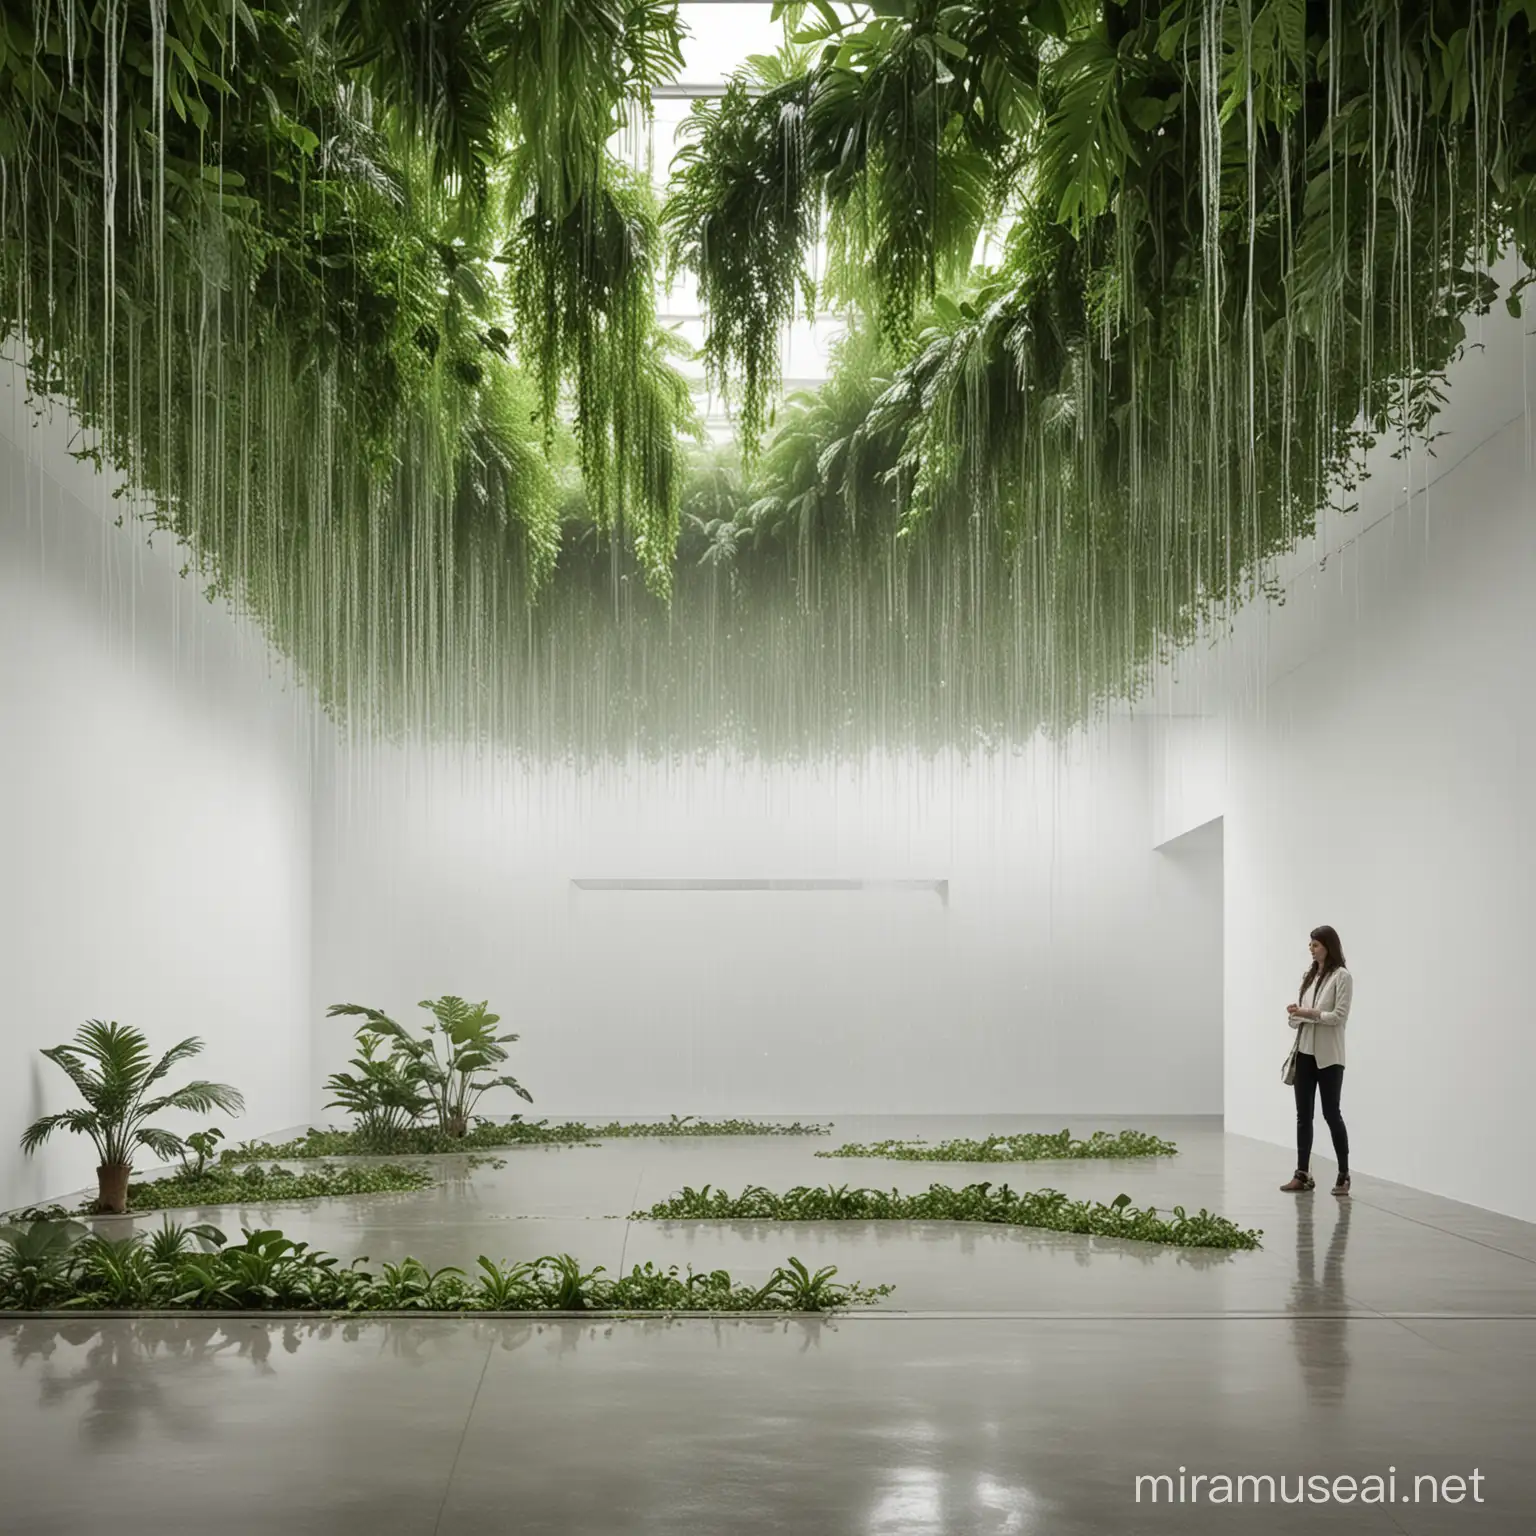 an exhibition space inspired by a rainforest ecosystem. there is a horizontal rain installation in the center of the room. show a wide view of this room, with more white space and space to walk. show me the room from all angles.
------------------------------------------------------------------------
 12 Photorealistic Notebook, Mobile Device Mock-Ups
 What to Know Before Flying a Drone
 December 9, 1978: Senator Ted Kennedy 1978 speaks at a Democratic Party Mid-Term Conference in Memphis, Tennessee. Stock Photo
------------------------------------------------------------------------
Work to be completed: Find the line with "What to Know Before Flying a Drone" in the entries above. Retype it and each line after it, exactly, through the line with "December 9, 1978: Senator", and stop there.

Solution:
 What to Know Before Flying a Drone
 December 9, 1978: Senator Ted Kennedy 1978 speaks at a Democratic Party Mid-Term Conference in Memphis, Tennessee. Stock Photo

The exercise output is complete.